Given the function $f(x) = \sqrt x$
and given that $S_1 =(-2, 2)$ and $S_2=( -1 , 3)$
Are these two equivalent?
$f(S_1∩S_2)$ and $f(S_1)∩f(S_2)$?
I was wondering because generally it's false, but in this case it seems to be true.
Given the function $f(x) = \sqrt x$
and given that $S_1 =(-2, 2)$ and $S_2=( -1 , 3)$
Are these two equivalent?
$f(S_1∩S_2)$ and $f(S_1)∩f(S_2)$?
I was wondering because generally it's false, but in this case it seems to be true.
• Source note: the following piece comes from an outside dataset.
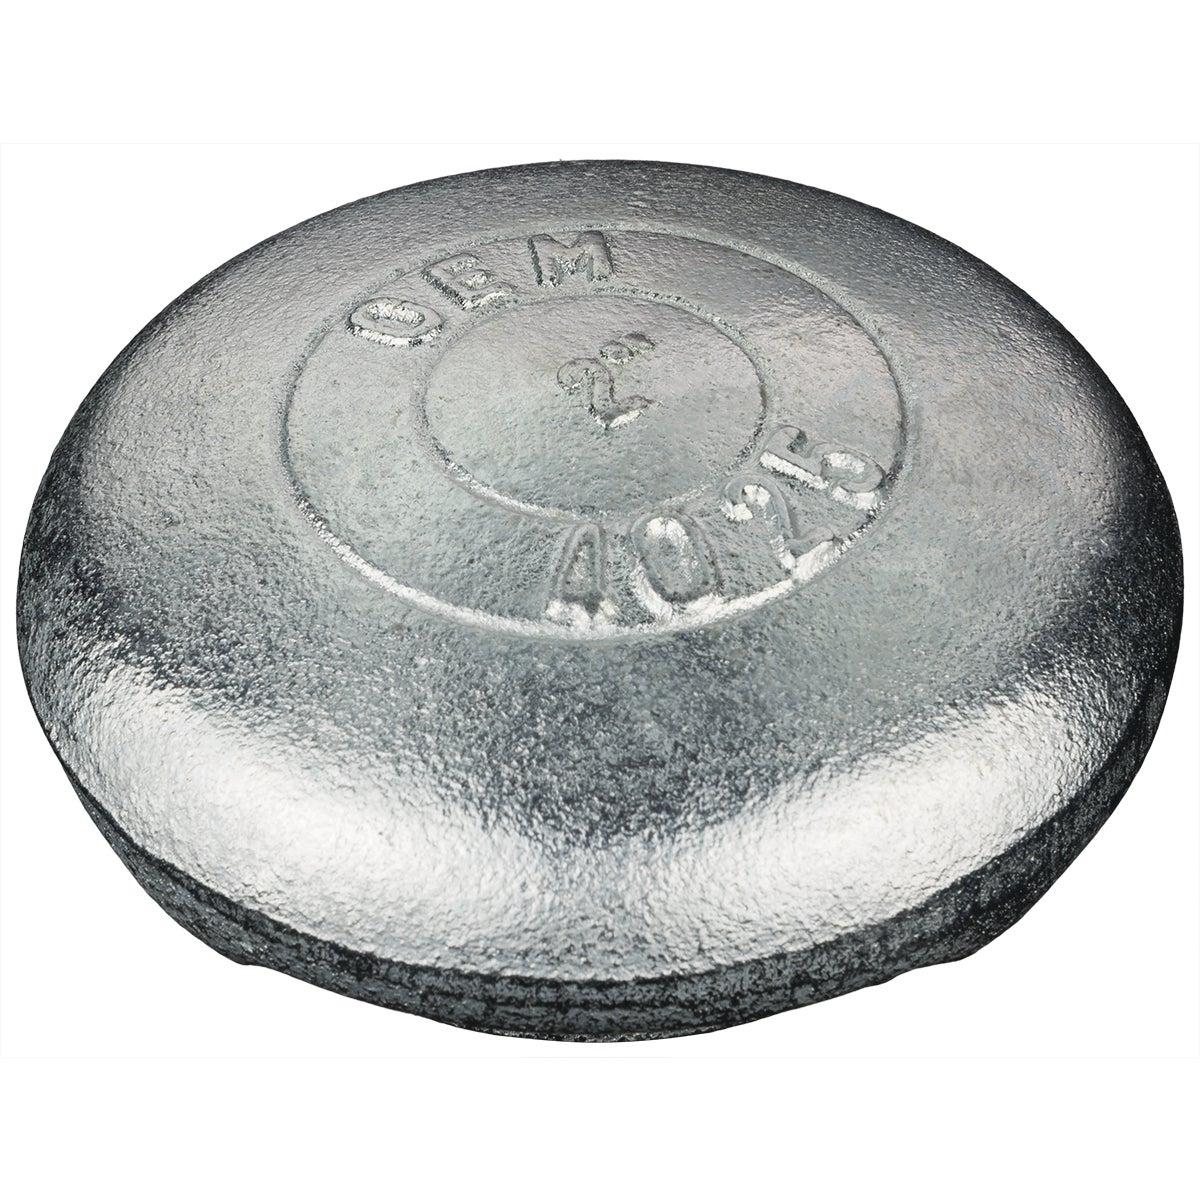 2 MSHRM OIL TNK VENT CAP - DIB464161 by Rheem

In what I've written below, I've assumed you mean $f$ to be the real square root function $(0,\infty)\rightarrow \mathbb{R}$, and that by $f(X)$ you mean the image under $f$ of all elements of $X$ in the domain of $f$. You should be aware that the usual convention is that $f$ can only be applied to subsets of its domain, so $f(S_1)$ is not defined, since it contains negative numbers.
If this is not what you mean, i.e. if you intend $f$ to be a complex square root function, please let me know.
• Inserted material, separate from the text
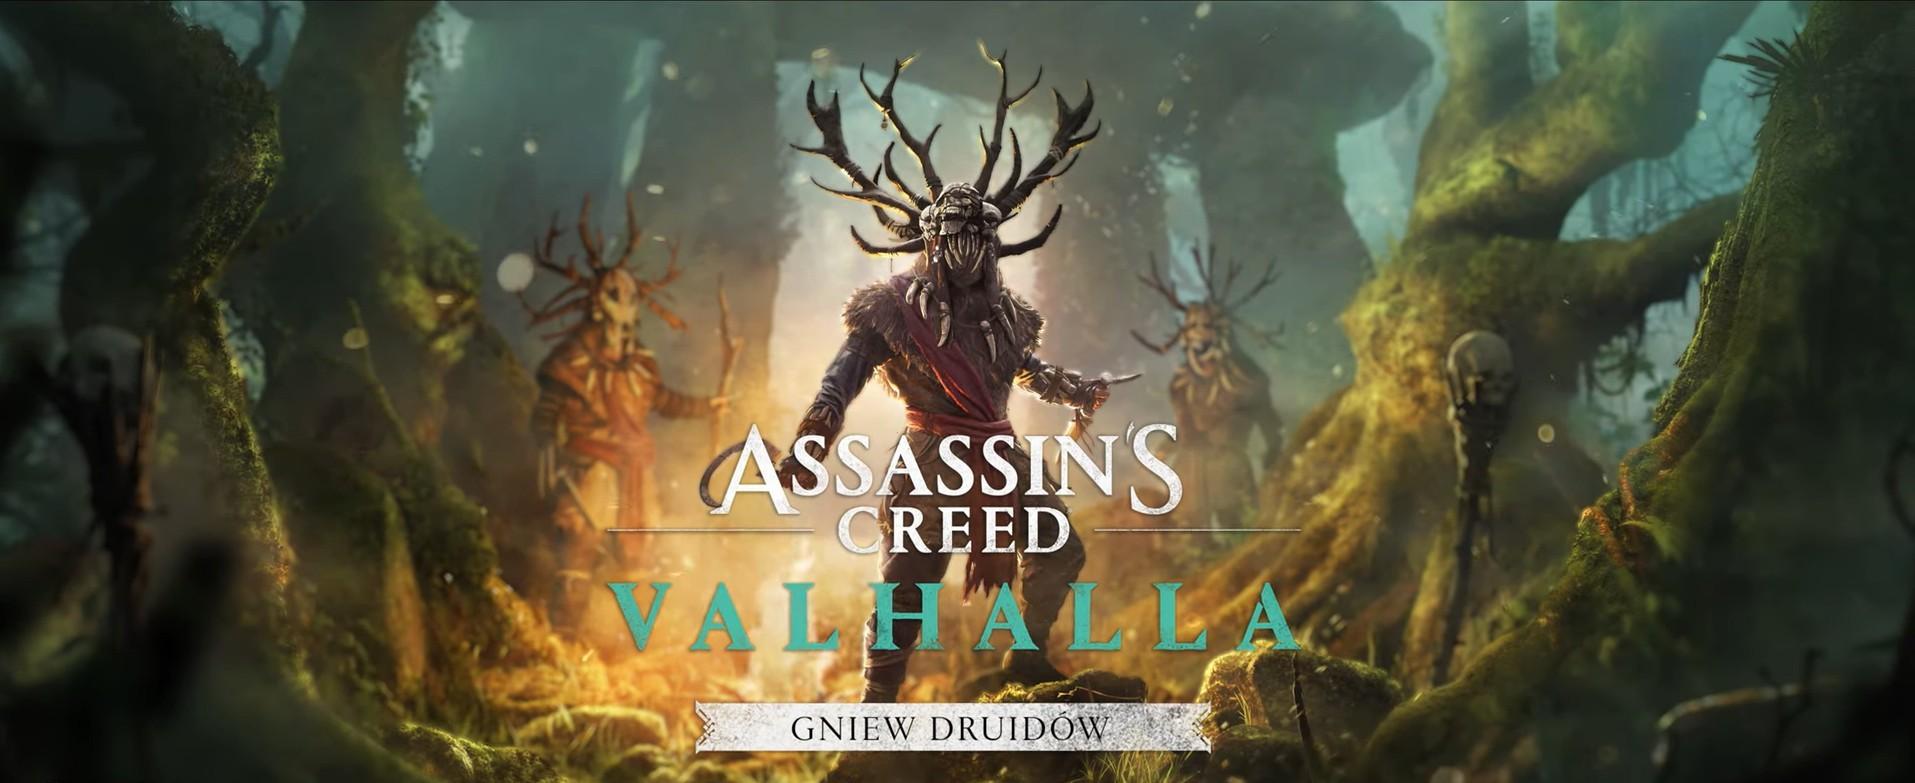 Assassin's Creed Valhalla z potężnym wsparciem po premierze

Yes, in this case, $f(S_1\cap S_2) = f(S_1)\cap f(S_2)$. You point out that in general, $f(X\cap Y)$ may not be equal to $f(X)\cap f(Y)$. This is also true, but let's explore it.
Suppose $a\in f(X\cap Y)$. Then there is some element $b\in X\cap Y$ such that $f(b) = a$.
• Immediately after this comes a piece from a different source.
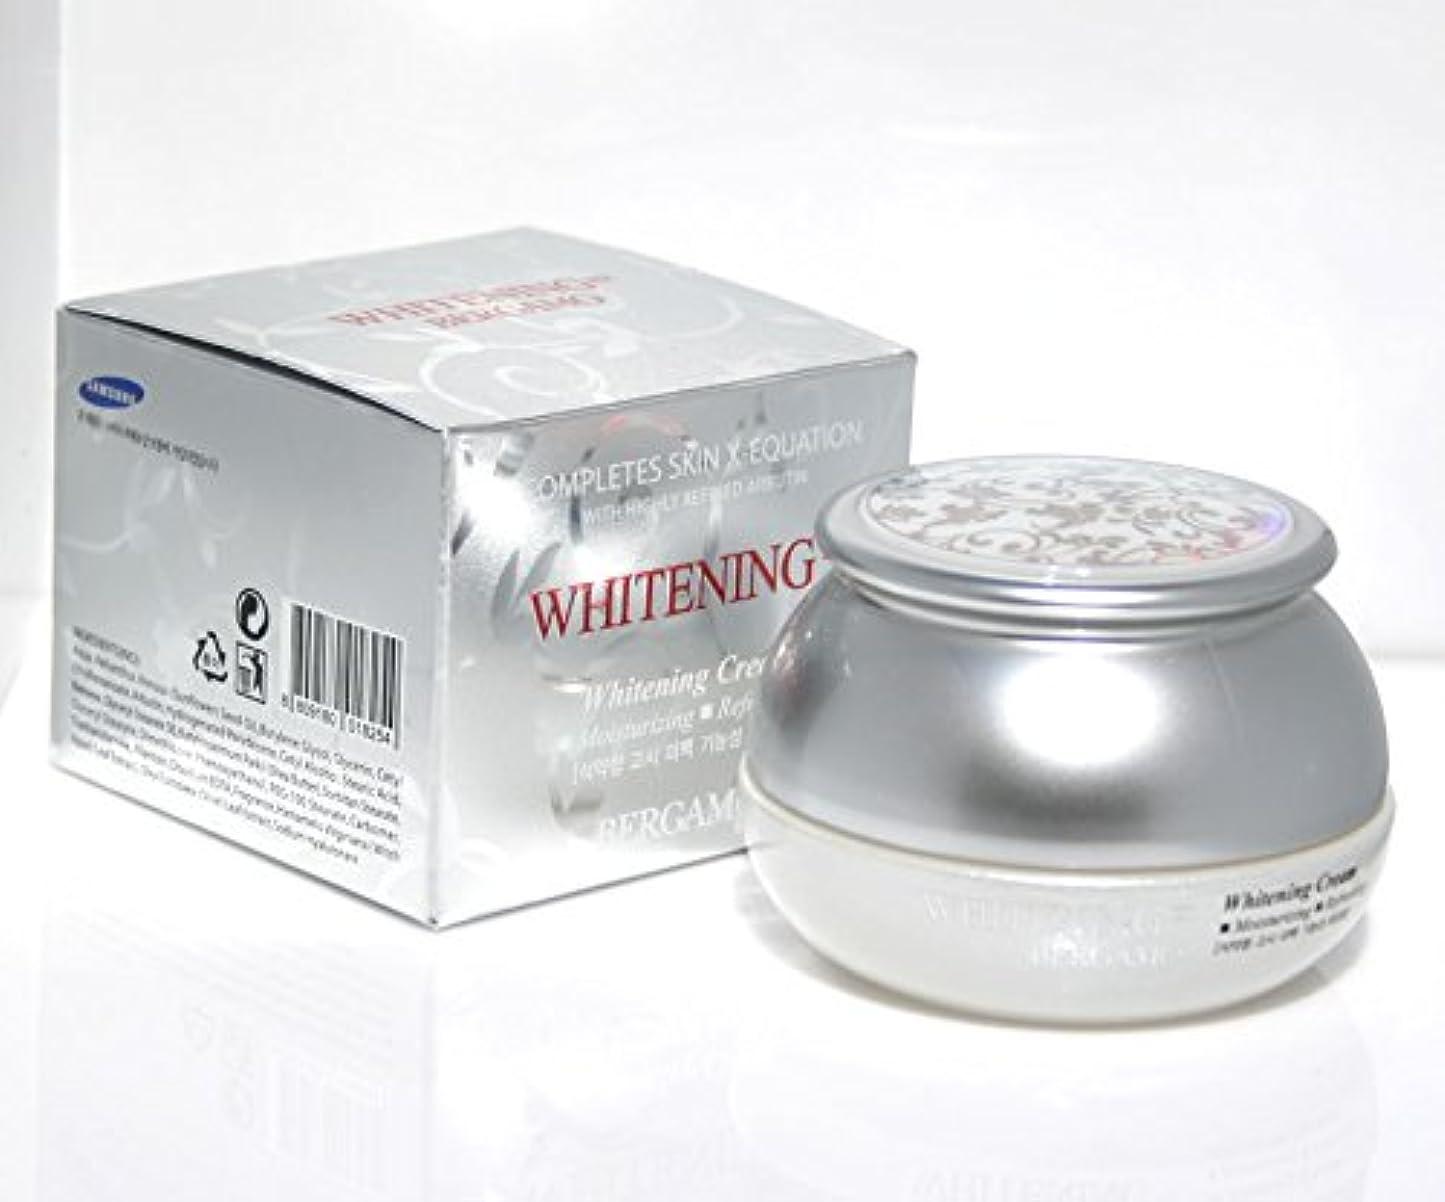 彼女の変換する首尾一貫した【ベルガモ][Bergamo]  は、高度に精製アルブチンホワイトニング例クリーム50g /  Completes Skin X-equation with Highly Refined Albutin Whitening...

Now $b\in X$, so $a = f(b) \in f(X)$, and $b\in Y$, so $a = f(b) \in f(Y)$.
So $a\in f(X) \cap f(Y)$. This shows that $f(X\cap Y) \subseteq f(X) \cap f(Y)$.
What could go wrong in trying to prove the converse: that $f(X) \cap f(Y) \subseteq f(X\cap Y)$?
Well, if $a\in f(X) \cap f(Y)$, then $a\in f(X)$, so there is some $b\in X$ with $f(b) = a$, and $a\in f(Y)$, so there is some $b'\in Y$ with $f(b') = a$.
But the elements $b$ and $b'$ could be different, i.e. $b$ may not be in $Y$ and $b'$ may not be in $X$. There may be no element in $X\cap Y$ which maps to $a$.
But the only way this could happen is if there are two distinct elements $b$ and $b'$ which both map to $a$. If there is only one element which maps to $a$, then it must be in both $X$ and $Y$.
In conclusion, if $f$ is injective, then $f(X\cap Y) = f(X) \cap f(Y)$. Since the square root function is strictly increasing, it is injective, and hence the equality holds not just for the sets you give as examples, but all $S_1$ and $S_2$ subsets of $\mathbb{R}$.